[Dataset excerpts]
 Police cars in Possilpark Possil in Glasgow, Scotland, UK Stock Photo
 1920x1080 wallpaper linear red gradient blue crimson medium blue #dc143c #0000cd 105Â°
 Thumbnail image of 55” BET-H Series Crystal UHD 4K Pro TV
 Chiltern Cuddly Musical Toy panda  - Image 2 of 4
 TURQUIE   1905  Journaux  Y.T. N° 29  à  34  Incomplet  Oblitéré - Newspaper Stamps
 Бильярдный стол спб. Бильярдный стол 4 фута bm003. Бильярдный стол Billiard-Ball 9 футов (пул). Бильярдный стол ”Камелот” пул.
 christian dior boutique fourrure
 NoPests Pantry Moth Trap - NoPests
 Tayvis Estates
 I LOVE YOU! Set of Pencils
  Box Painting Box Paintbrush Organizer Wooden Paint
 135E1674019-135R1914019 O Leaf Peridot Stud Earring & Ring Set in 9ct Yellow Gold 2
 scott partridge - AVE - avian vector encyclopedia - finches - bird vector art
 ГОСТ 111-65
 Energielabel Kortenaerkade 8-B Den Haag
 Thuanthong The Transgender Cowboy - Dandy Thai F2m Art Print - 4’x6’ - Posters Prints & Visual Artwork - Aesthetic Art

→ The task: The required output is the set of lines from the first line of the data through the line that contains "Chiltern Cuddly Musical", transcribed exactly.

→ Result for this task:
 Police cars in Possilpark Possil in Glasgow, Scotland, UK Stock Photo
 1920x1080 wallpaper linear red gradient blue crimson medium blue #dc143c #0000cd 105Â°
 Thumbnail image of 55” BET-H Series Crystal UHD 4K Pro TV
 Chiltern Cuddly Musical Toy panda  - Image 2 of 4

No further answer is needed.